◆ Exercise ◆
When you reach the line with "El inodoro de" in the listing below, write out that line and every one after it exactly, and skip the pictures.

====== Source data ======

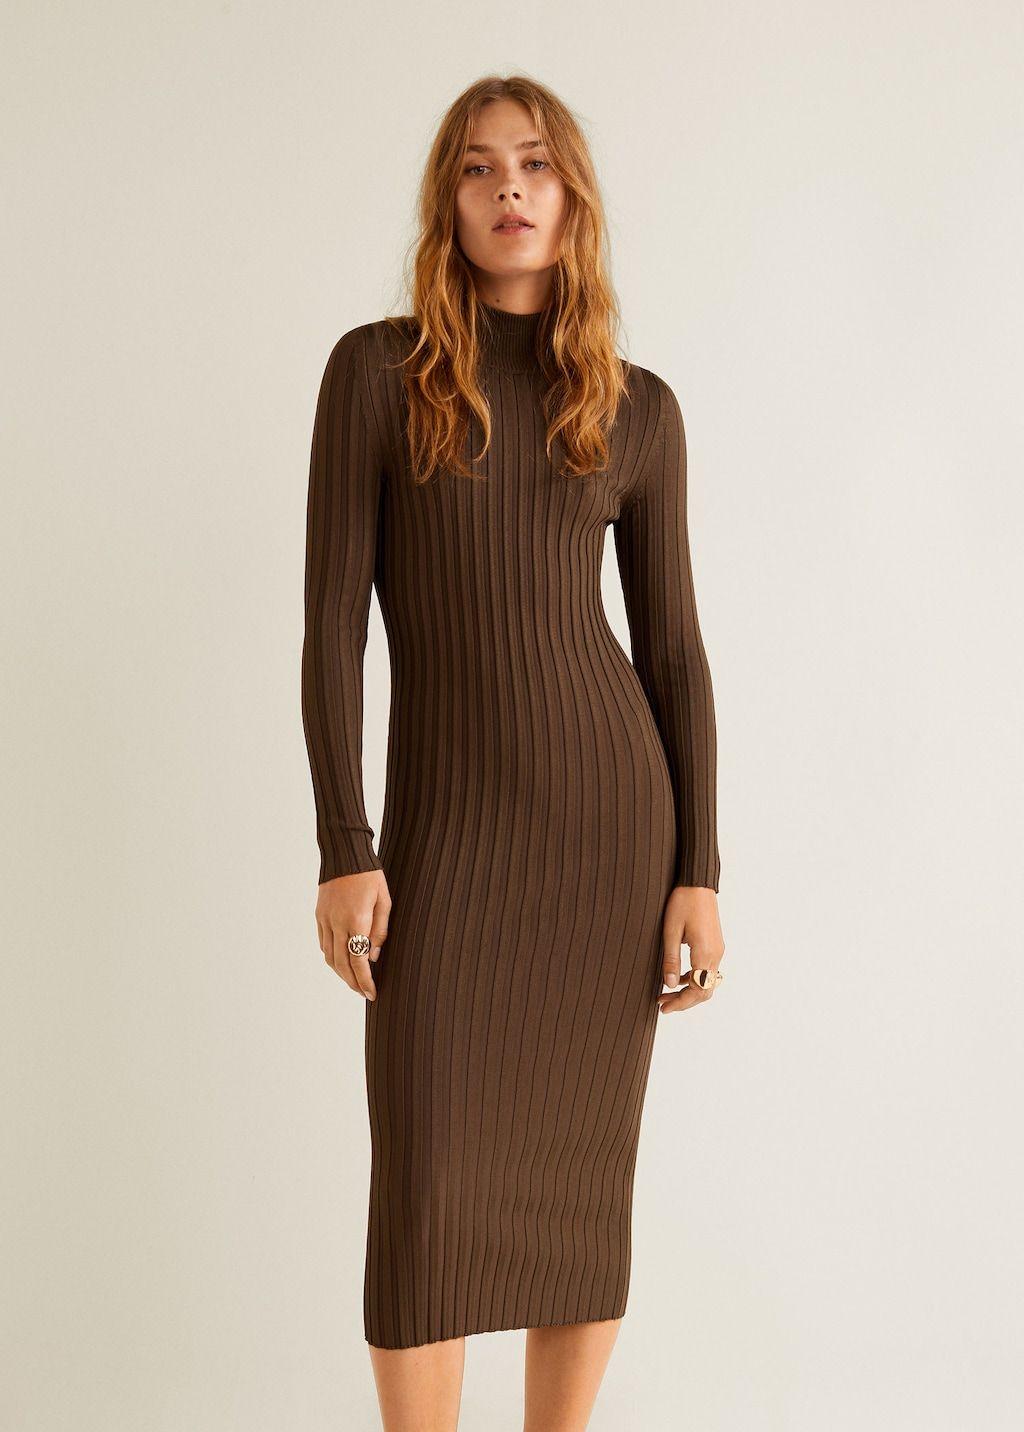 Turtle Neck Dress Women Mango Usa Turtle Neck Dress Brown Sweater Dress Long Sleeve Dress Winter
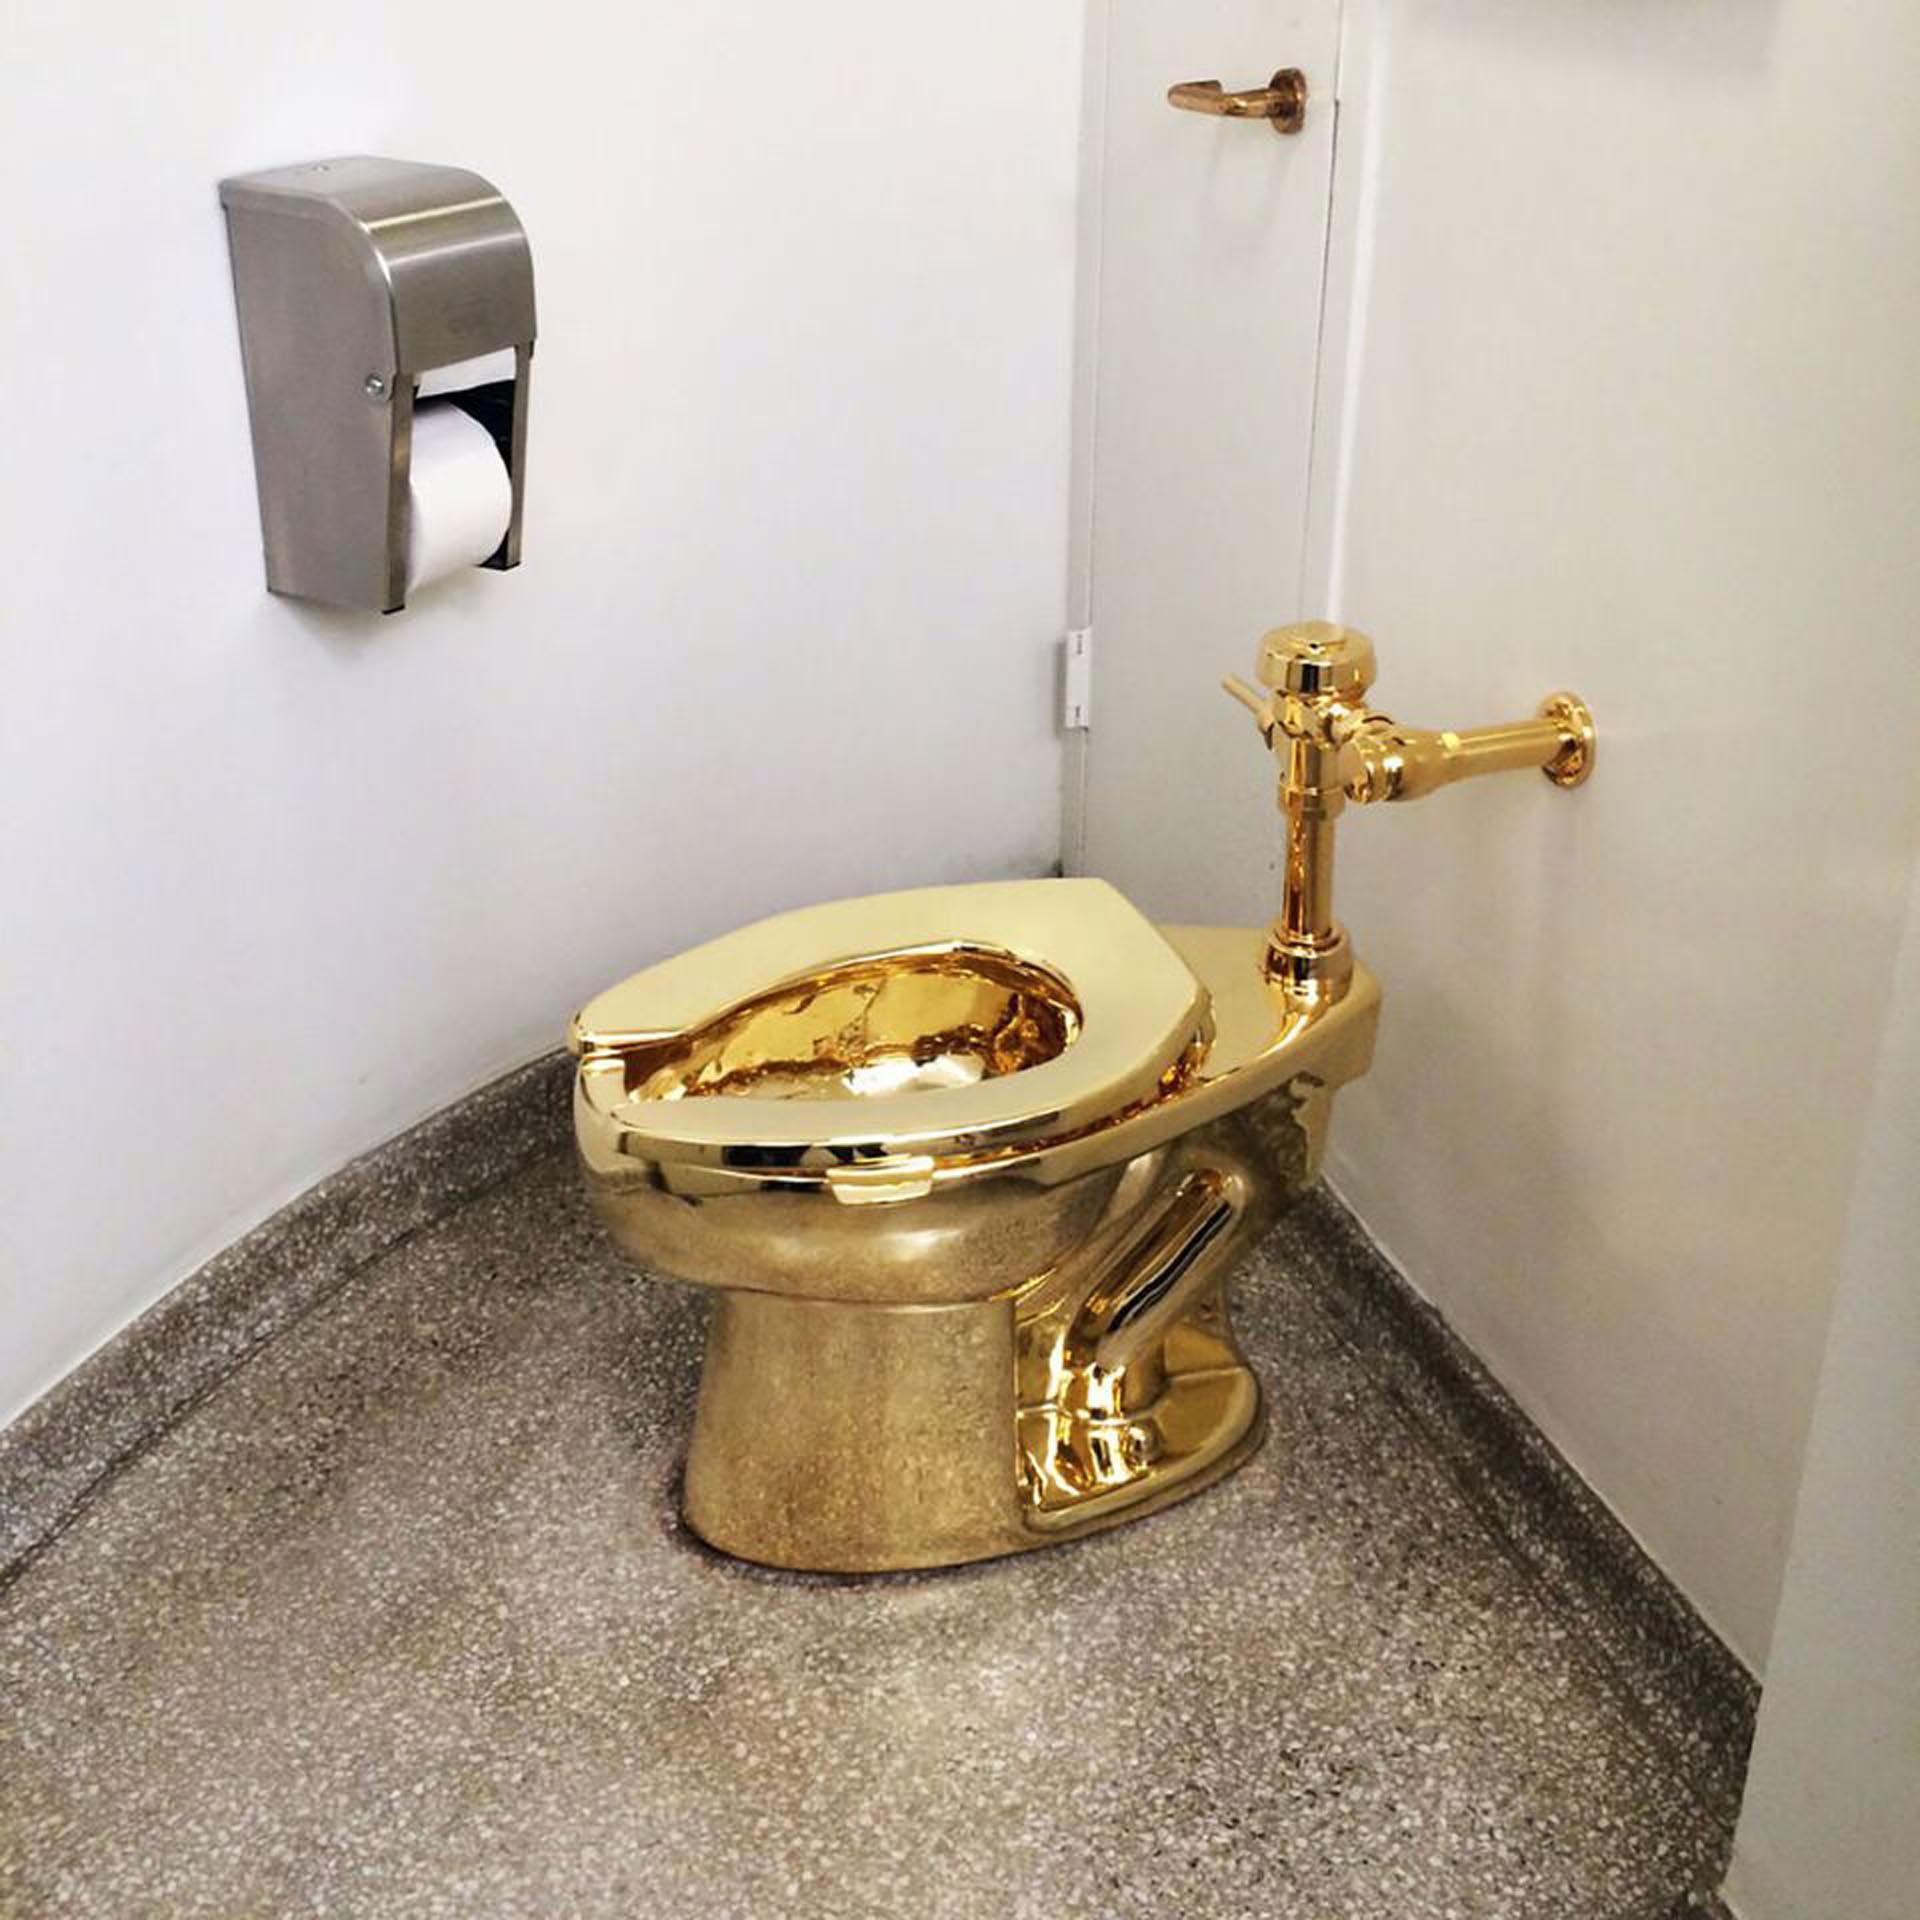 El inodoro de oro macizo de 18 kilates que instaló en el Museo Guggenheim
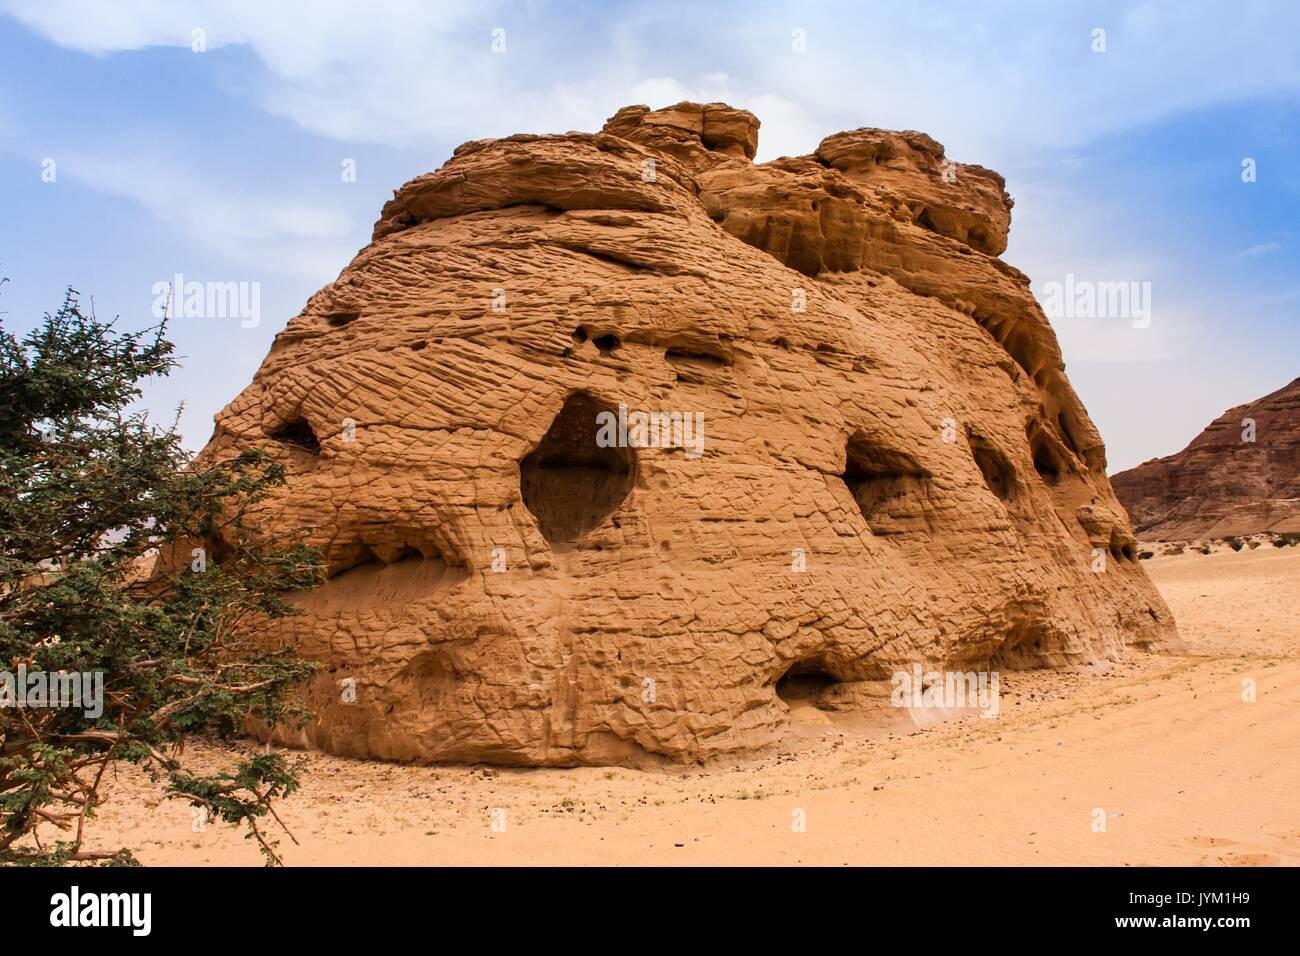 La pierre de la cathédrale, Riyadh Province Photo Stock

======

◆ Answer section ◆
 El inodoro de oro macizo de 18 kilates que instaló en el Museo Guggenheim
 La pierre de la cathédrale, Riyadh Province Photo Stock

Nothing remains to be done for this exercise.